There would never be any way to explain it to the big goateed man.
If El Atrocidad was exuberant, Flecha de Jalisco was gushing, effusive, verging on tears, and who was Barney to say the man’s gratitude was not deep and genuine? He had reclaimed his son from the forces of evil men. But Barney could not take much more gruff good cheer in the name of justice.
What now? During the mop-up, everybody looked to Barney as though he was some kind of leader, and all Barney could look at was the lifeless form of his good friend Karlov, lost thanks to his vendetta.
“Now?” said Barney. “What now? We get the hell outta Dodge before the news trucks show up. But first we have to give them a show. Once El Atrocidad and his men get the hostages clear, we burn this fucking place to the ground, to ashes. If Tannenhauser isn’t here, then there’s nothing left. His scumbag army are all dead or fled. One thing — I want to find the room. The room. The burning starts there.”
“Yeah, well before you go all pyromaniacal on us,” said Sirius, “I’ve got a guy handcuffed to a water pipe up on Three you might want to have a word with. Over next to the computer room.”
Barney just wanted to sleep. Post-combat metabolic flush, when your adrenalin has cooked away, is opiate in its draining effect. Sirius told him more, but it washed over Barney, who clumped along, unhearing.
Seeing the guy Sirius had detained woke Barney up doublequick.
“Saaay, amigo!” said the battered man braceleted to the immovable pipework. “It’s you! They kill you and you don’t die, eh? Or are you el espectro, a ghost come to visit his havoc on earth? Amigo! What a pleasure to see you!”
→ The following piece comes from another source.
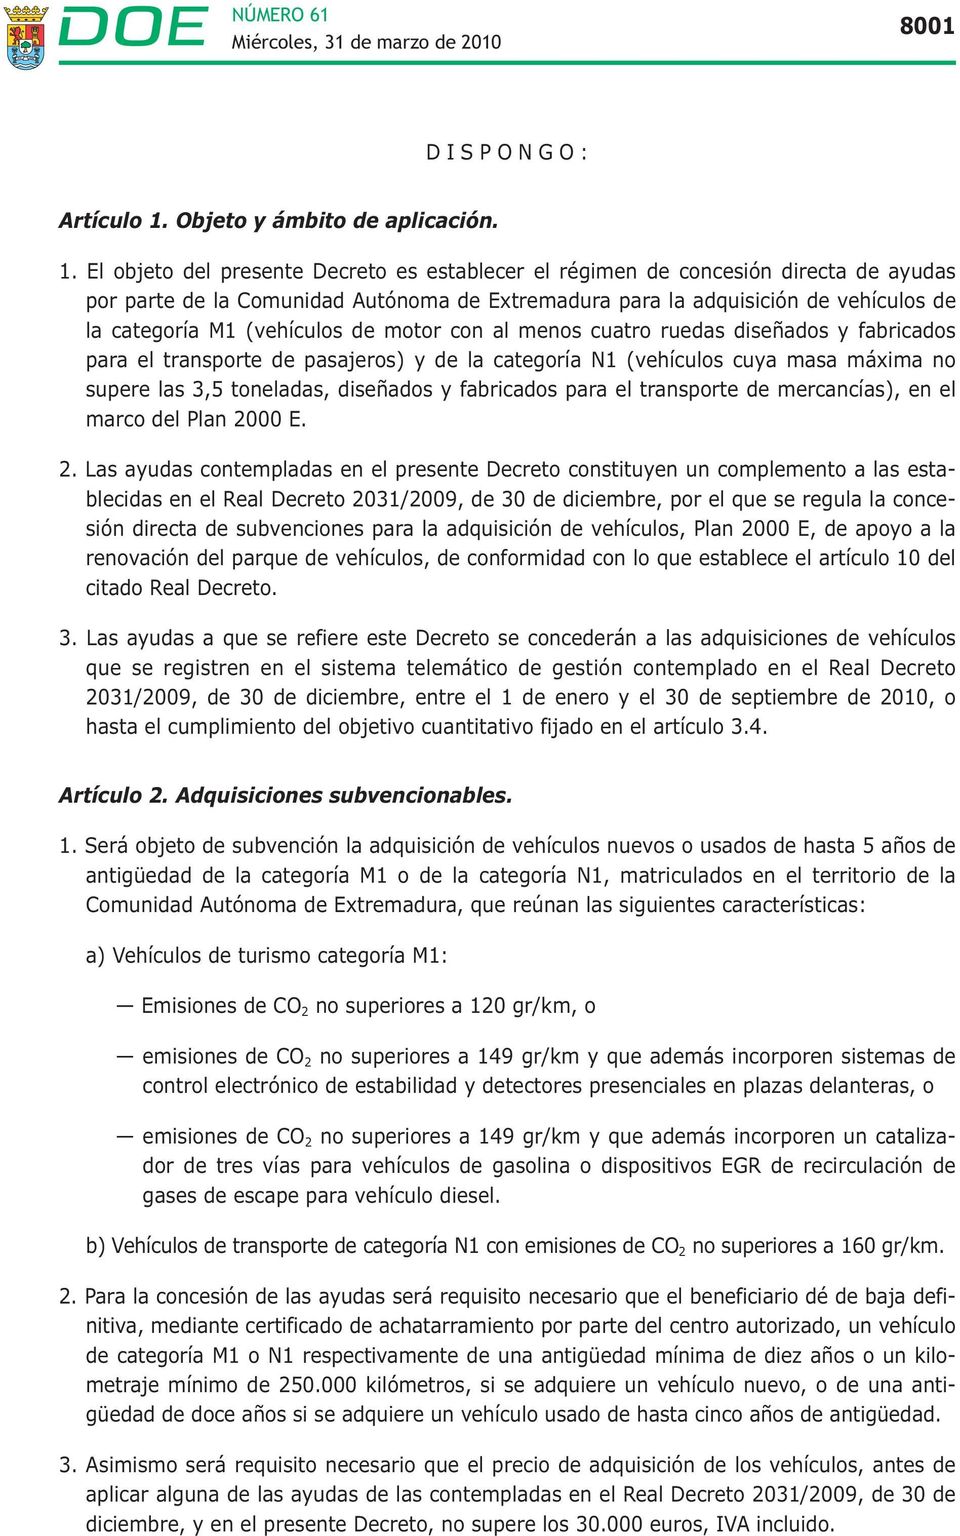 El objeto del presente Decreto es establecer el régimen de concesión directa de ayudas por parte de la Comunidad Autónoma de Extremadura para la adquisición de vehículos de la categoría M1 (vehículos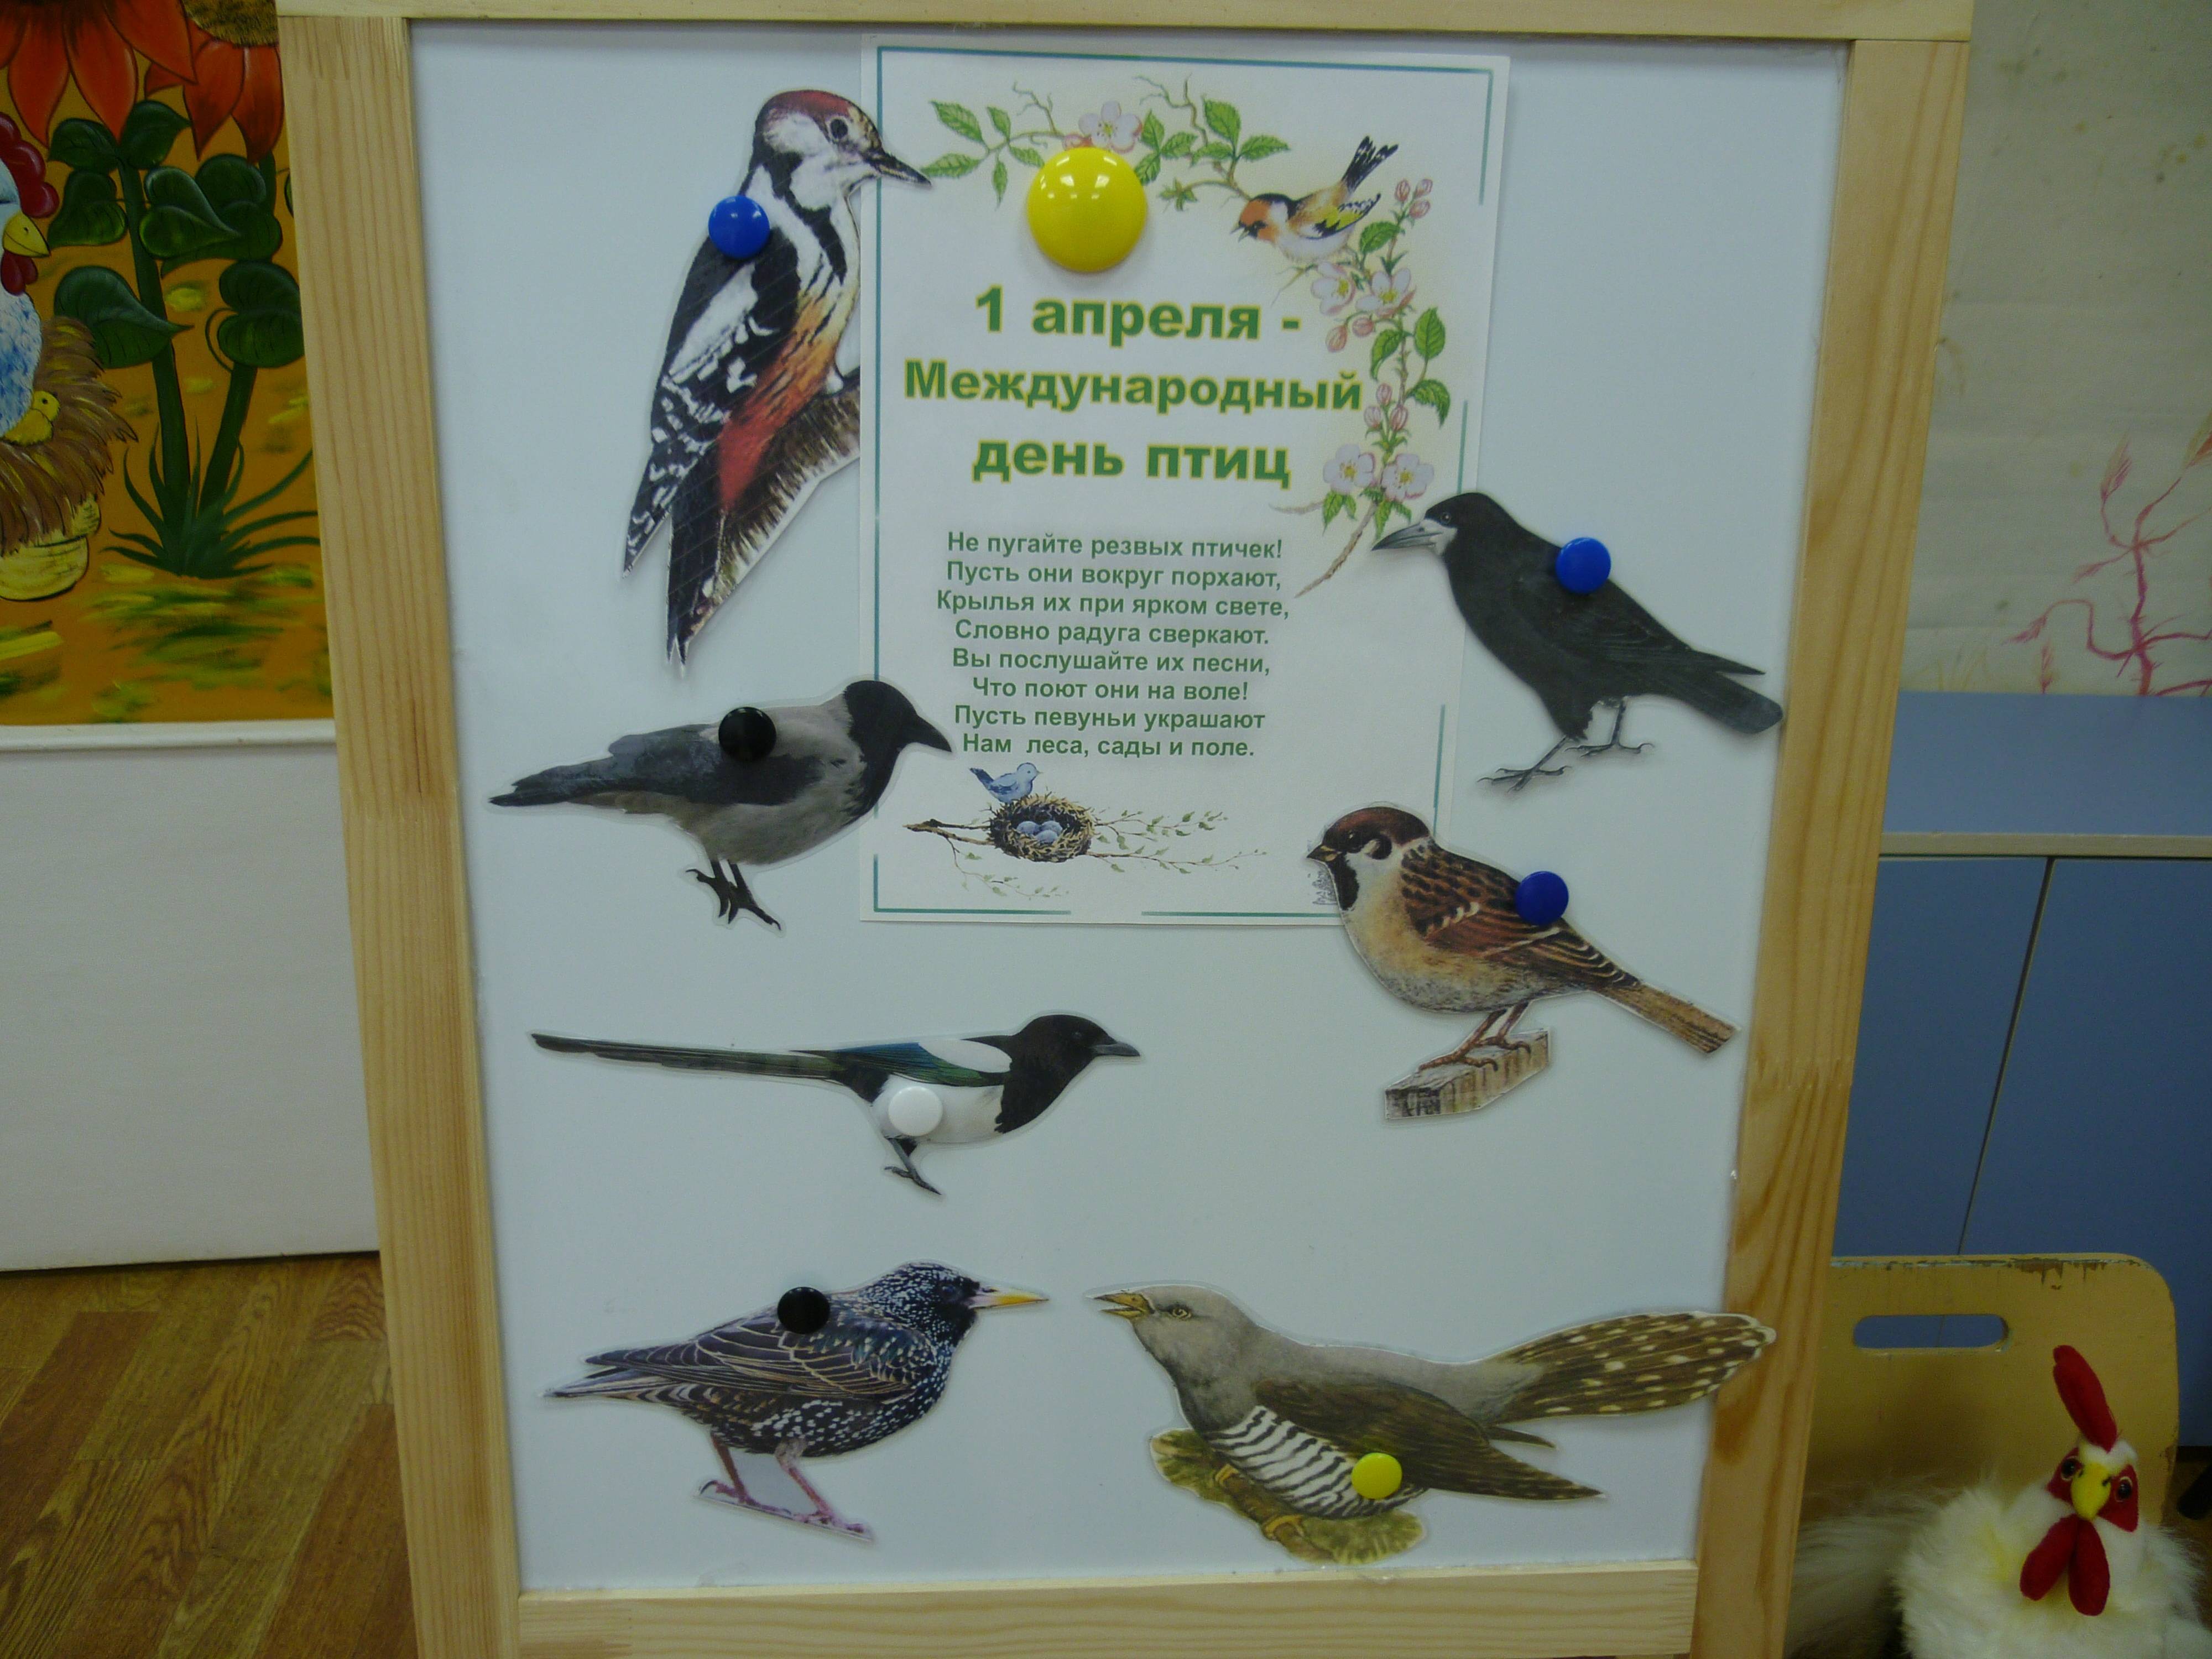 1 апреля – это еще и День птиц История праздника

“Mojica,” said Barney. “You’re Mojica.”
“Aha, see?!” The shaved dome of the too-fervent, murine man was leaking nervous sweat. His trademark mirrorshades were trampled on the floor. “Remember I told you I help you get out? And you got out! You remember me, eh? You remember that I help you so this maricon don’t shoot me?” His introduction to Sirius had not been amicable.
“I’ll shoot you myself,” said Barney, “if you don’t tell me where El Chingon is. Tannenhauser. Whatever that stick-up-the-ass animal calls himself.”
The entire front of Sirius’ face crumpled together in a frown. “You know this dude?”